Multiagent Reinforcement Learning for Autonomous Routing and Pickup Problem with Adaptation to Variable Demand

We derive a learning framework to generate routing/pickup policies for a fleet of autonomous vehicles tasked with servicing stochastically appearing requests on a city map. We focus on policies that 1) give rise to coordination amongst the vehicles, thereby reducing wait times for servicing requests, 2) are non-myopic, and consider a-priori potential future requests, 3) can adapt to changes in the underlying demand distribution. Specifically, we are interested in policies that are adaptive to fluctuations of actual demand conditions in urban environments, such as on-peak vs. off-peak hours. We achieve this through a combination of (i) an online play algorithm that improves the performance of an offline-trained policy, and (ii) an offline approximation scheme that allows for adapting to changes in the underlying demand model. In particular, we achieve adaptivity of our learned policy to different demand distributions by quantifying a region of validity using the q-valid radius of a Wasserstein Ambiguity Set. We propose a mechanism for switching the originally trained offline approximation when the current demand is outside the original validity region. In this case, we propose to use an offline architecture, trained on a historical demand model that is closer to the current demand in terms of Wasserstein distance. We learn routing and pickup policies over real taxicab requests in San Francisco with high variability between on-peak and off-peak hours, demonstrating the ability of our method to adapt to real fluctuation in demand distributions. Our numerical results demonstrate that our method outperforms alternative rollout-based reinforcement learning schemes, as well as other classical methods from operations research.
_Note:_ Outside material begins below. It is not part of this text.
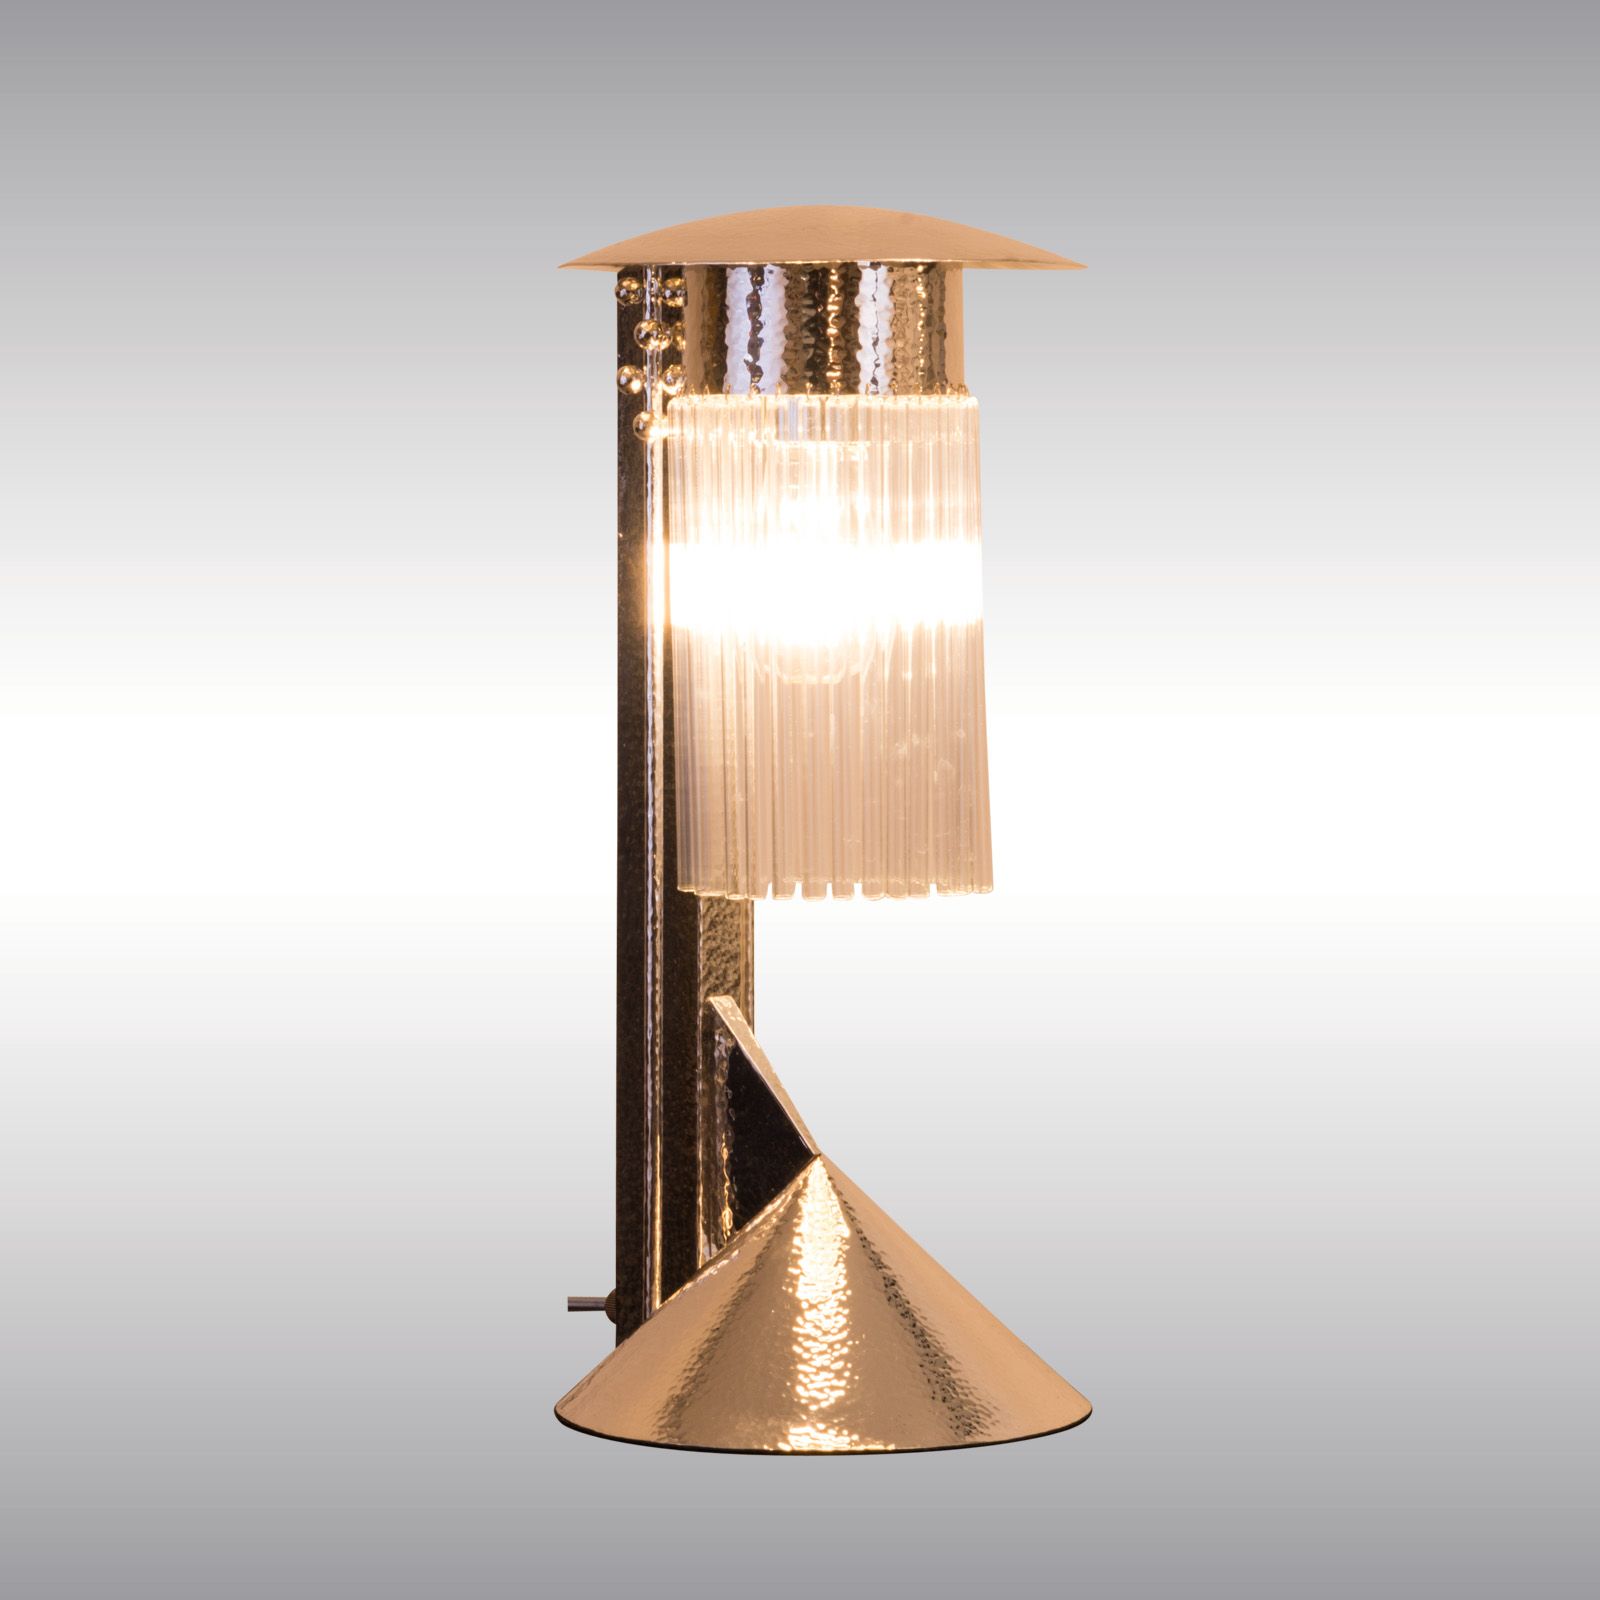 WOKA LAMPS VIENNA - OrderNr.: 22309|Kolo Moser Desk Lamp Reininghaus - Design: Koloman (Kolo) Moser

翻译：我们提出一种学习框架，用于为城市地图上服务随机出现请求的车队生成路由/接驳策略。我们重点关注以下策略：1）促进车辆间的协调，从而减少服务请求的等待时间；2）具有非短视性，并预先考虑未来可能出现的请求；3）能够适应底层需求分布的变化。具体而言，我们关注能够适应城市环境中实际需求条件波动的策略，例如高峰时段与非高峰时段的差异。我们通过以下方法的结合实现这一目标：（i）一种在线执行算法，用于提升离线训练策略的性能；（ii）一种离线近似方案，允许适应底层需求模型的变化。特别地，我们通过利用Wasserstein模糊集定义的q-有效半径量化策略的有效区域，使所学策略能够自适应不同需求分布。针对当前需求超出原始有效区域的情况，我们提出一种机制来切换原有训练的离线近似方案：此时采用基于历史需求模型训练的离线架构，该模型与当前需求的Wasserstein距离更短。我们基于旧金山出租车真实请求数据（高峰与非高峰时段需求差异显著）学习路由与接驳策略，证明了方法对实际需求分布波动的自适应能力。数值结果表明，我们的方法优于基于rollout的替代强化学习方案及其他运筹学经典方法。